For the optional parameters of the following options, value should be set to a stream resource (for example, using fopen()):
Option
Optional value
CURLOPT_FILE
Set the location of the output file, the value is a Resource type, default is STDOUT (browser).
CURLOPT_INFILE
The file address that needs to be read when uploading a file. The value is a resource type.
CURLOPT_STDERR
Set an error output address, the value is a resource type, replacing the default STDERR.
CURLOPT_WRITEHEADER
Set the file address where the header part is written, and the value is a resource type.
For the optional parameters of the following options, value should be set to a callback function name:
Option
Optional value
CURLOPT_HEADERFUNCTION
Set a callback function. This function has two parameters. The first One is the cURL resource handle, and the second is the output header data. The output of header data must rely on this function, which returns the size of the written data.
CURLOPT_PASSWDFUNCTION
Set a callback function with three parameters. The first is the cURL resource handle, the second is a password prompt, and the third parameter is the maximum allowed password length. Returns the value of the password.
CURLOPT_PROGRESSFUNCTION
Set a callback function with three parameters. The first is the cURL resource handle, the second is a file descriptor resource, and the third is the length. Returns the contained data.
CURLOPT_READFUNCTION
A callback function with two parameters. The first parameter is the session handle, and the second parameter is the string of HTTP response header information.
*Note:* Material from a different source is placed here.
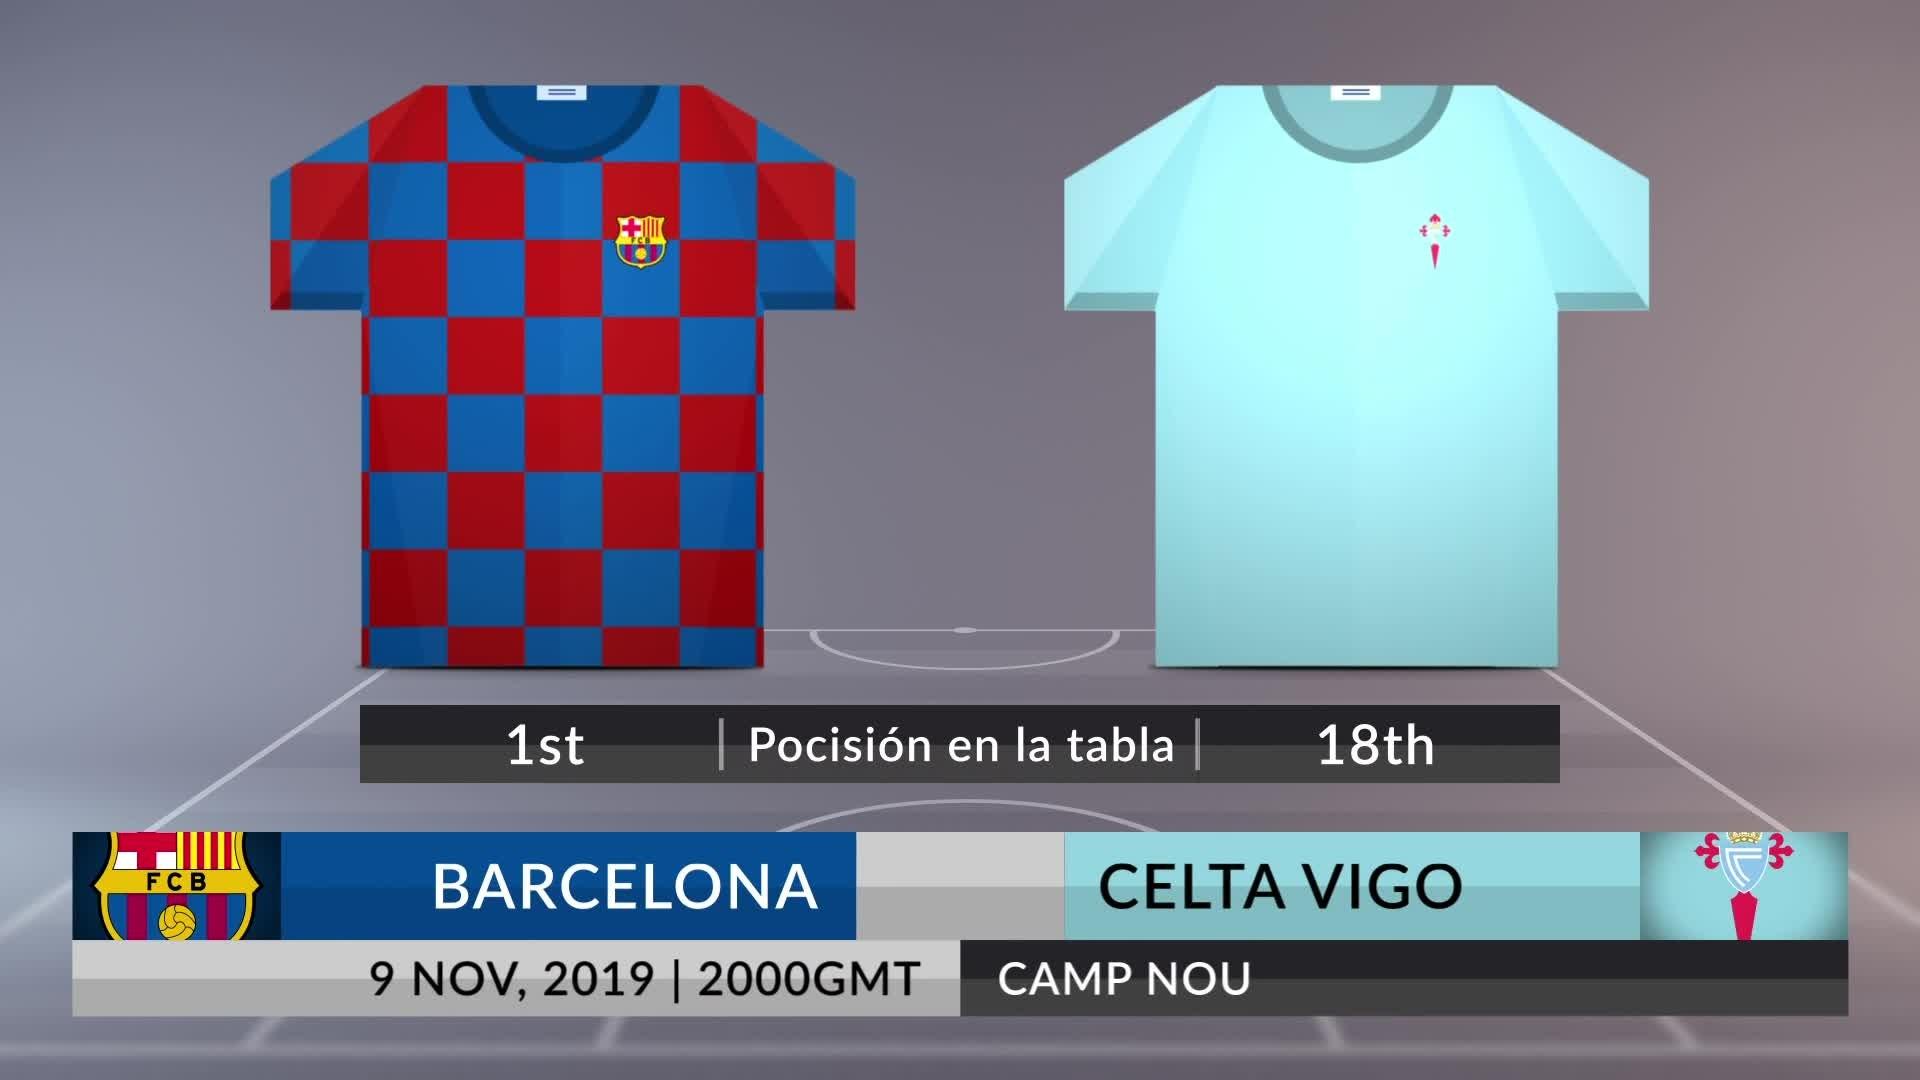 Match Preview: Barcelona vs Celta Vigo on 09/11/2019
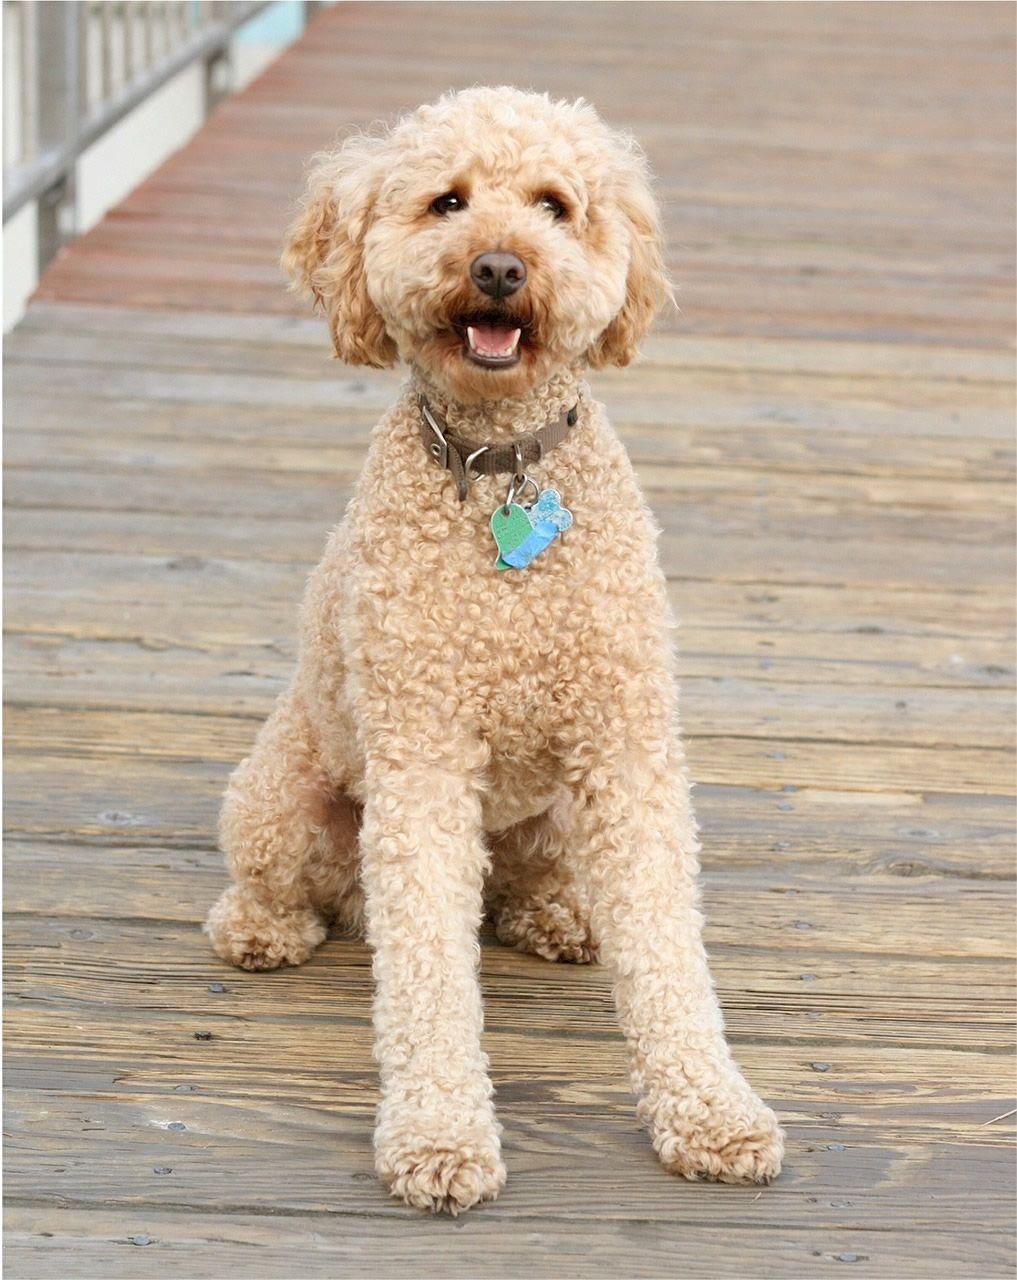 Labrador Poodle Mix Hypoallergenic Dog Breed Labradoodle Dogs

Using this function, the returned data will be processed yourself. The return value is the data size in bytes. Returning 0 represents the EOF signal.
CURLOPT_WRITEFUNCTION
A callback function with two parameters. The first parameter is the session handle, and the second parameter is the string of HTTP response header information. Using this callback function, the response header information will be processed by itself. The response header information is the entire string. Set the return value to the exact length of the string written. The transport thread terminates when an error occurs.